## WHAT THE EXERCISE ASKS:
In the records below, find the line with "Stříbrný náramek s", then retype it and every following line exactly, stopping after the line with "Jugador de tenis". Leave the pictures out.

## RECORDS FOR THIS TASK:

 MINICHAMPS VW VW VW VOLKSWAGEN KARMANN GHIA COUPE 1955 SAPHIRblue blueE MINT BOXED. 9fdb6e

* * *

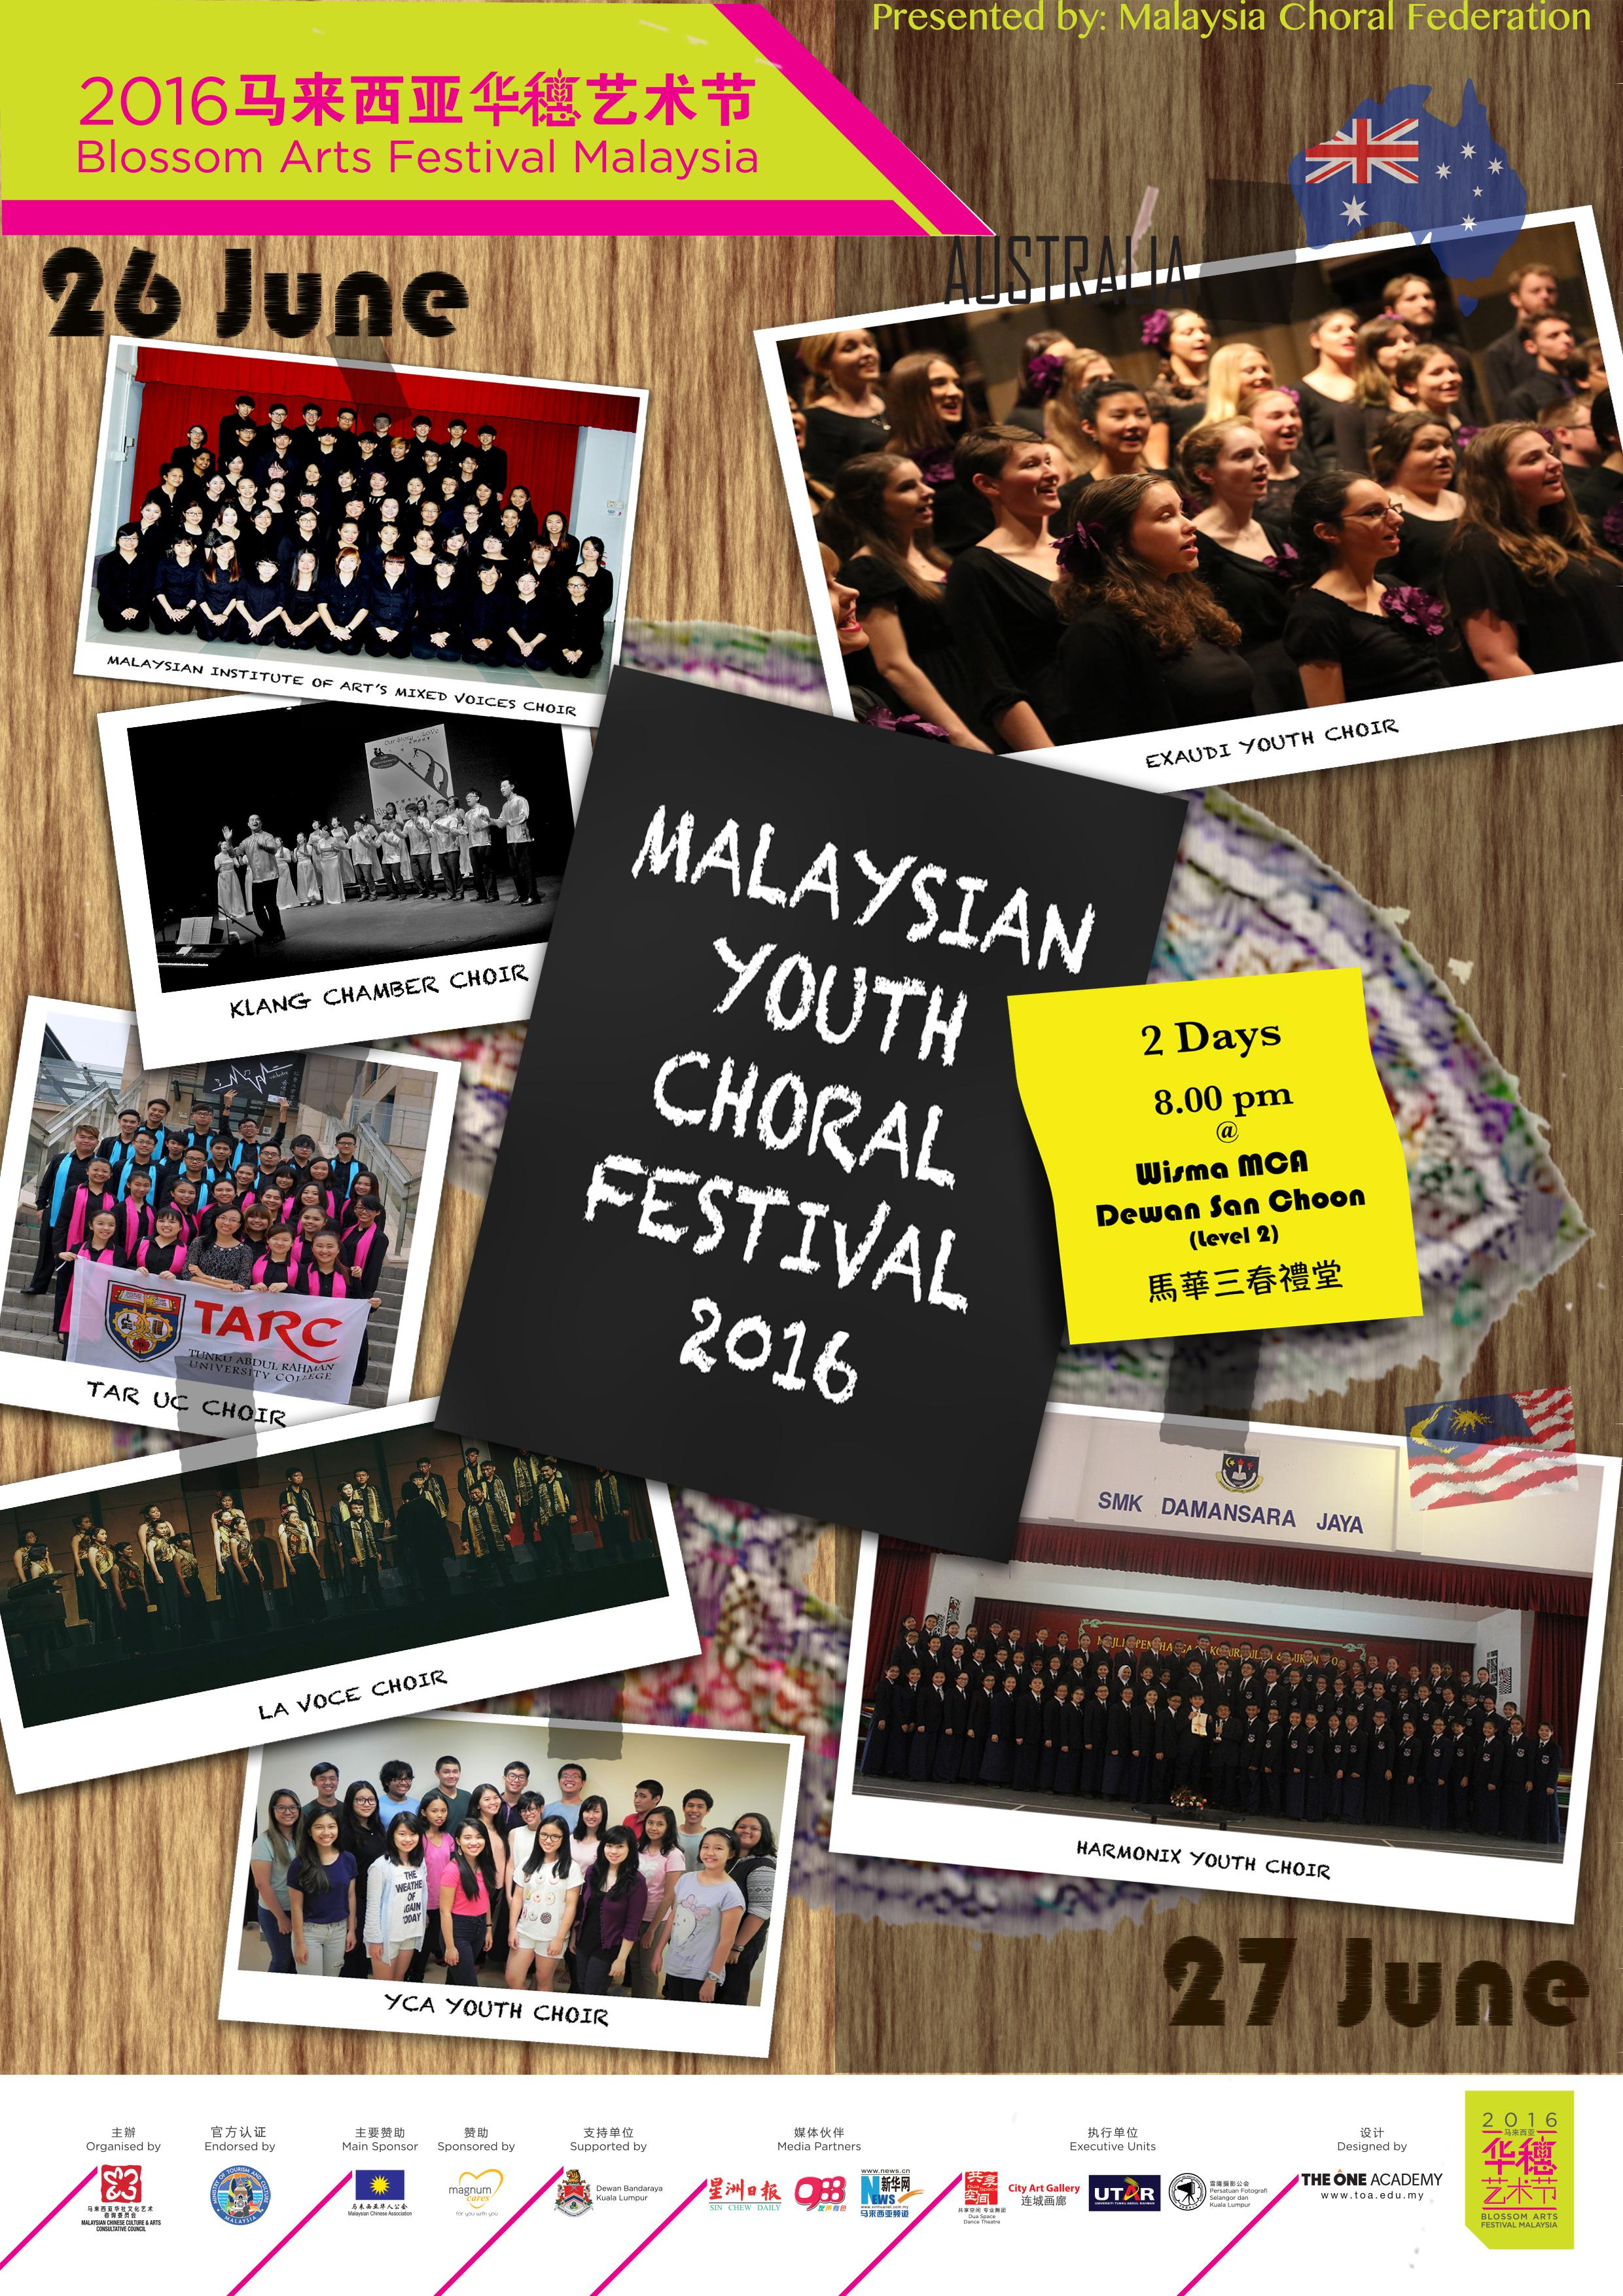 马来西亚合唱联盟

* * *

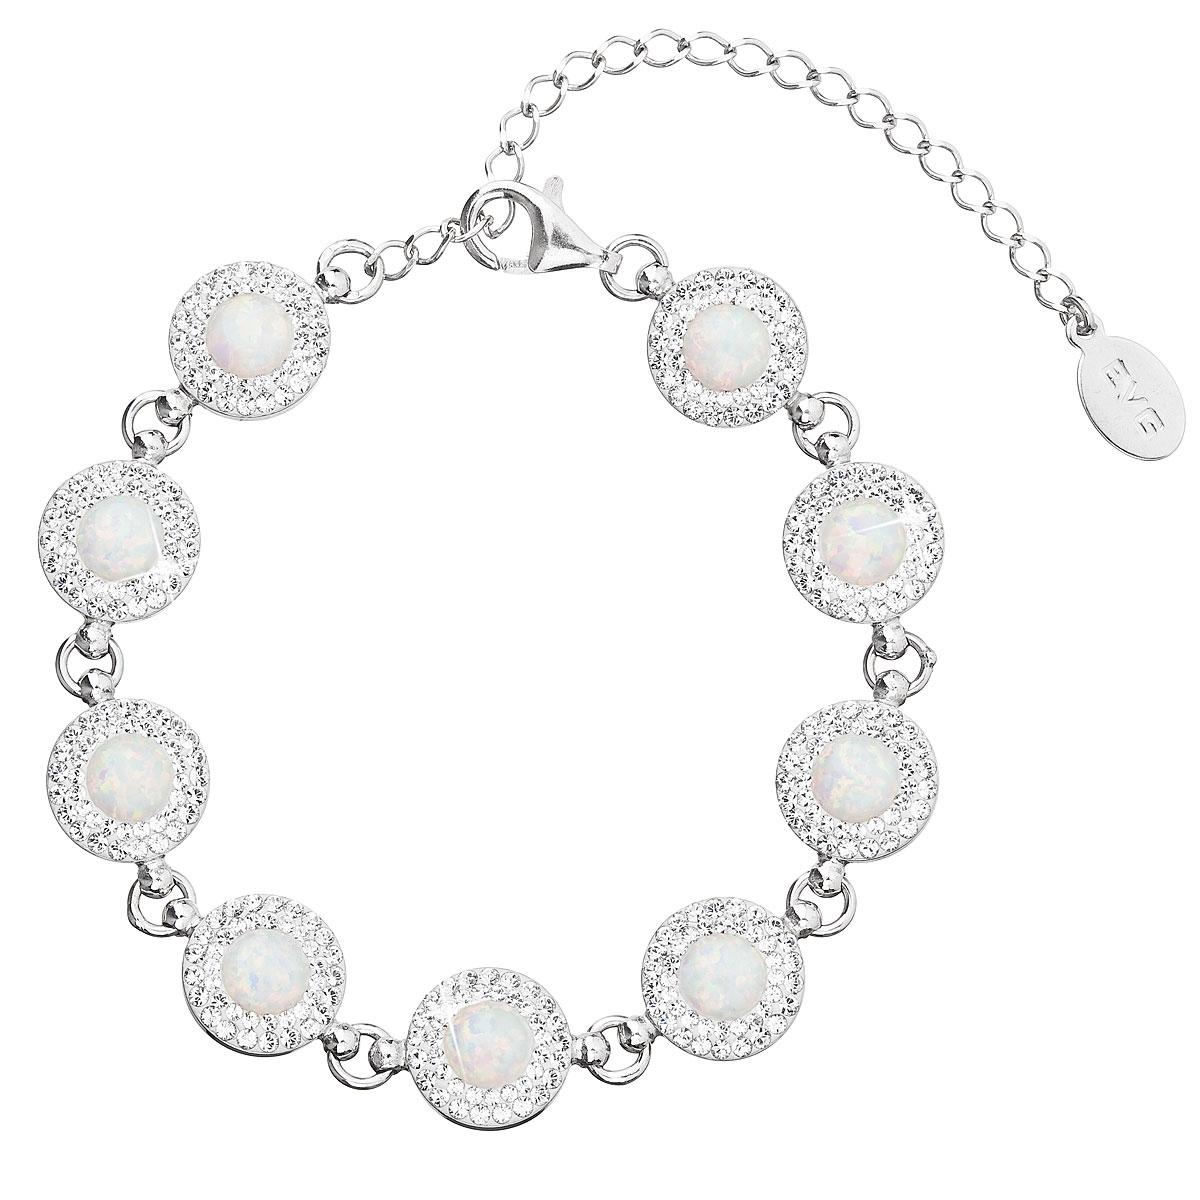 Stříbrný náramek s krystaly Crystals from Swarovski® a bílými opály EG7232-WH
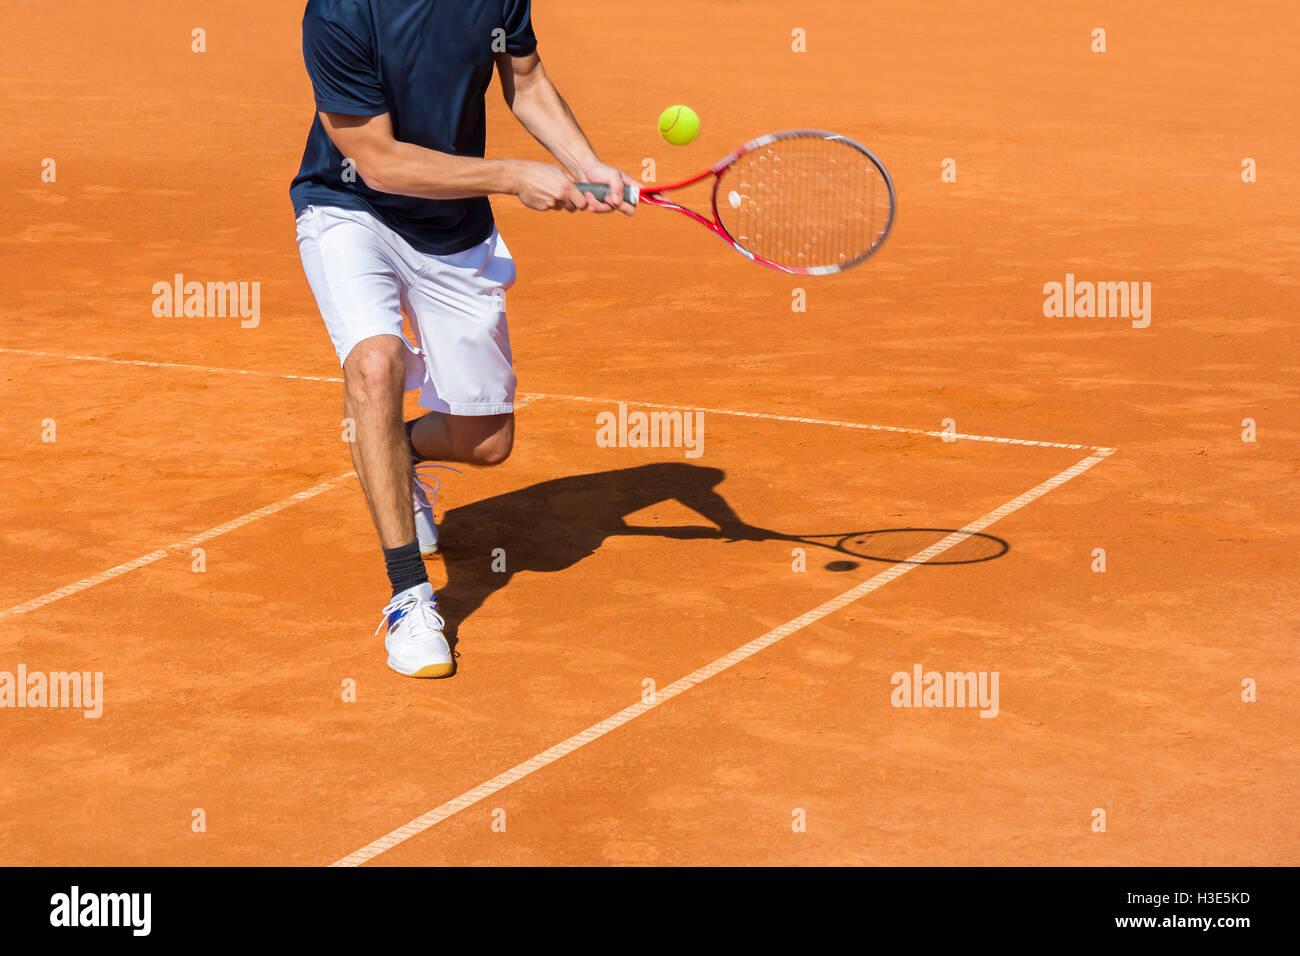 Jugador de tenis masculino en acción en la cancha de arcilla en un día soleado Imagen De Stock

## EXPECTED ANSWER:
 Stříbrný náramek s krystaly Crystals from Swarovski® a bílými opály EG7232-WH
 Jugador de tenis masculino en acción en la cancha de arcilla en un día soleado Imagen De Stock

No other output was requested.